Она рванула к окну, как будто за туманным стеклом могла увидеть башни замка. Но там был виден только лес. Они здесь, всего в нескольких милях, но... ничего не знают.
Понимание.
— Её рюкзак, брошенный в углу, где до сих пор лежало непрочитанное письмо от Рона с глупой шуткой про Хагрида.
— Зажим для волос в виде совы — подарок Гарри на прошлое Рождество.
— Её собственные руки, чистые от шрамов войны, которые в этом времени ещё не началась.
— Её пустое место за столом в Большом зале, где Рон клал ей лишний кекс, «на случай, если проголодается за учебниками».
Она упала на колени перед камином и представила их с пугающей ясностью.
Гарри сидит на её кровати в Гриффиндоре, сжимая её забытый свитер. Его пальцы скользят по шершавой ткани, будто ищут следы её тепла. «Она бы не ушла без слов. Не она. Не Гермиона». Он перебирает её книги, в каждом учебнике — закладки с датами, планами, «их» планами. На полях «Магических законов» её почерк: «Обсудить с Гарри и Роном — пункт 7.3 противоречит клятве Дамблдора». Он тычет палочкой в записи, как будто они вдруг оживут и приведут его к ней. Ночью ему снится, как она падает в чёрный водоворот, а он не может дотянуться.
Рон смеётся громче обычного в «Трёх мётлах», рассказывая похабный анекдот про Снейпа. Но его глаза бегают к двери каждый раз, когда звякает колокольчик. «Она войдёт сейчас. Обязательно войдёт». Он заказывает ей любимый сливочный пирог и злится, когда тот стынет нетронутым. Ночью он бьёт кулаком в стену, пока костяшки не кровоточат, и шепчет: «Ты обещала не бросать нас, чёрт тебя дери».
Они не спят.
Гарри шагает по Запретному лесу, освещая путь палочкой: каждый шорох — её шаг, каждый силуэт — её плащ. Рон зацикливает заклинание «Апарекиум» на пустом пергаменте, чтобы увидеть, не зашифрован ли он, но магия выжигает лист полностью.
Она знает. Знает, что они нашли её рюкзак в комнате. Что Гарри носит её зажим для волос в кармане, как талисман. Что Рон перечитал её последнее ответное письмо тысячу раз, выискивая тайные коды в шутке про Хагрида: «Может, «огр»— анаграмма? «Гор»? «Рог»? Где ты, Гермиона?».
А она...
Сидит в хижине, где в стекле — не её отражение, а лица друзей, искажённые яростью и страхом. «Ты стала призраком для них. Призраком, который они не могут изгнать».

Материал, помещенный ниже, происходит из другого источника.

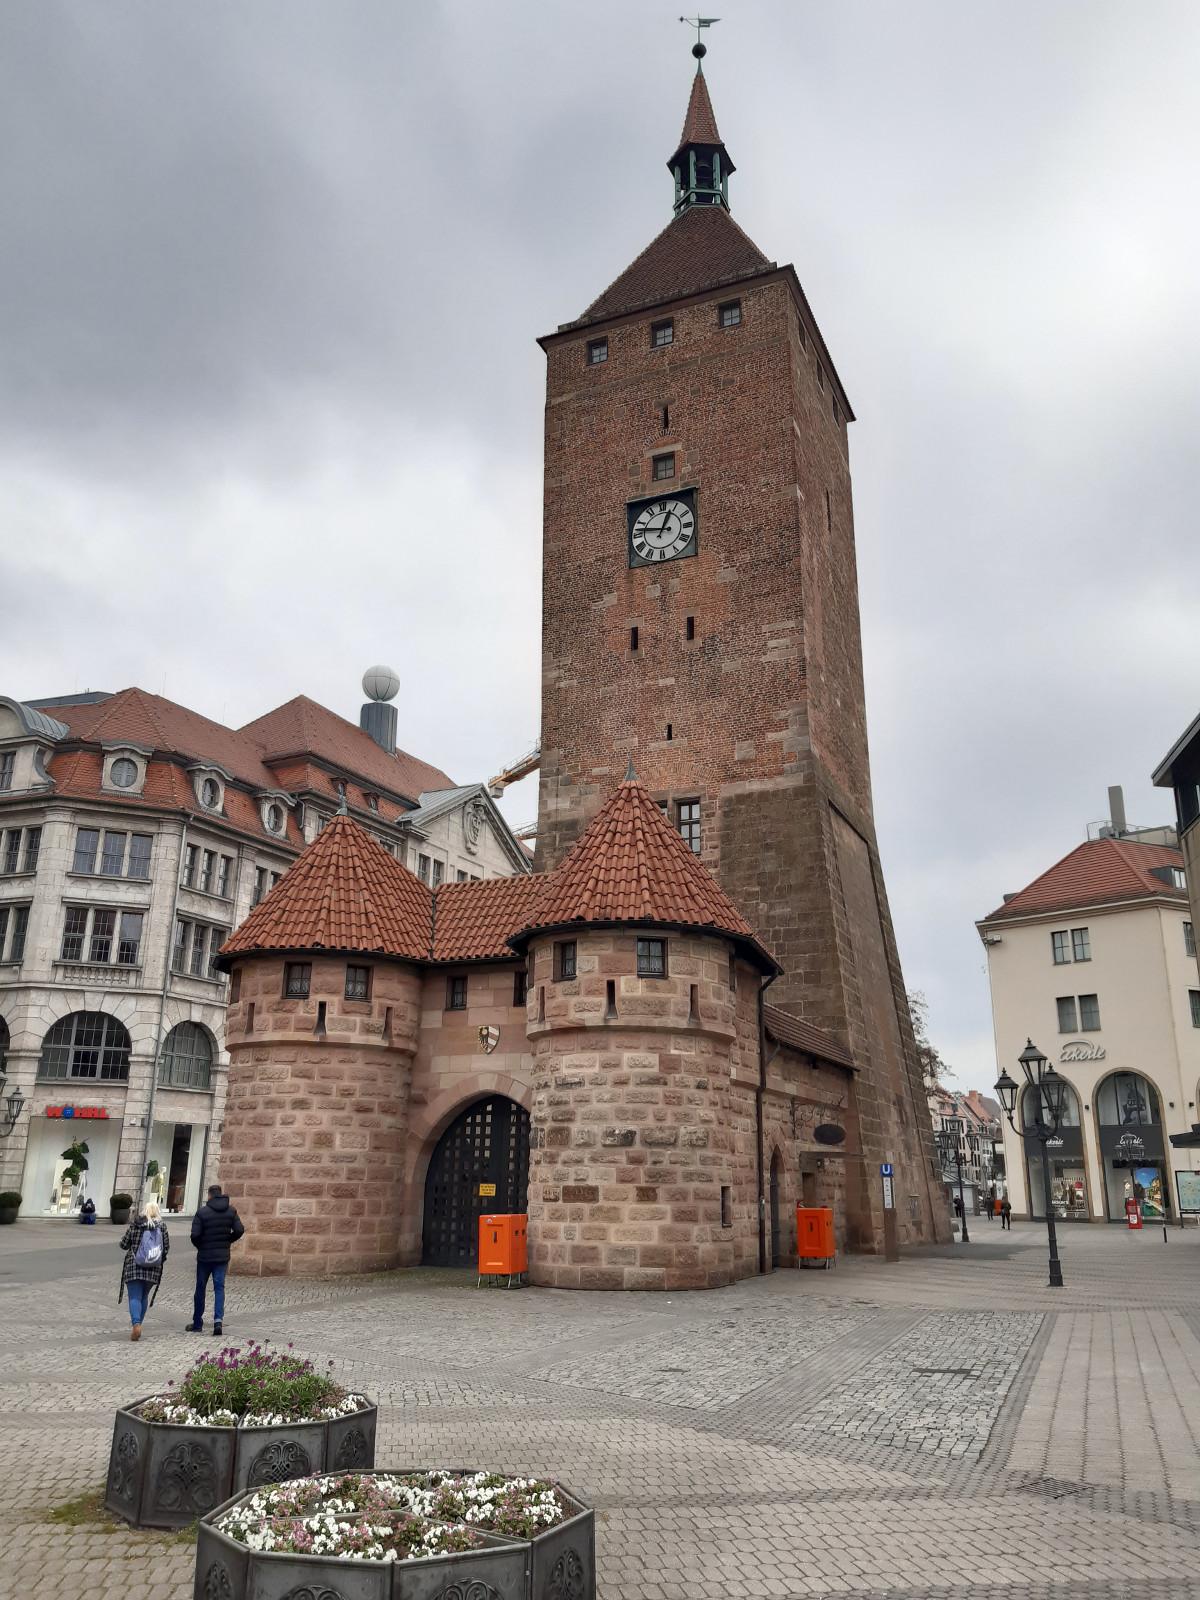 2021-05-01-03-50-00-10WeisserTurm.jpg - Atelier Haberbosch Nürnberg

Рюкзак в её комнате в углу шипит, как змея, напоминая о нераспечатанном письме. Она представляет, как Рон нервно складывал его, переписывал, рвал — и снова склеивал заклинанием, боясь, что каждая строчка станет последней. «Простите, — шепчет она в пустоту. — Простите, что заставила вас думать, будто я выбрала его, а не вас». Хотя это так и было.
Лес за окном воет, и ей чудится, что это Гарри кричит её имя. Ветви бьются в стены, будто Рон ломится внутрь, готовый сжечь хижину дотла, лишь бы найти её.
Но хижина молчит. Только часы, которые Драко повесил еще неделю назад, тикают в такт её вине: «Пре-да-тель-ни-ца. Пре-да-тель-ни-ца».
«Как я могла забыть?».
Всё это время её мысли занимал Драко — его сарказм, его неожиданная мягкость в моменты уязвимости, их споры, их близость, их судьба, которая перевернулась с ног на голову. Маховик, будущее, тот Драко там, крестражи, встреча с этим Драко, поиски, тренировки, чувства, близость, молчание — все смешалось воедино, но она забыла самое главное. «Друзья...». Они там, где её место за столом в Большом зале пустует, а её книги пылятся на подоконнике.
«О, Мерлин...».
Она схватилась за голову, вспоминая последний момент их встречи.
Пропажа Драко. Депрессия. Их страх за то, что она не спит и не ест, думая лишь о нем. Большой зал и последний разговор.
«— Он не вернулся, — прошептала она, и Рон замер с куском пирога на полпути ко рту.
— Что? — Гарри наклонился ближе, его голос стал резким, как клинок.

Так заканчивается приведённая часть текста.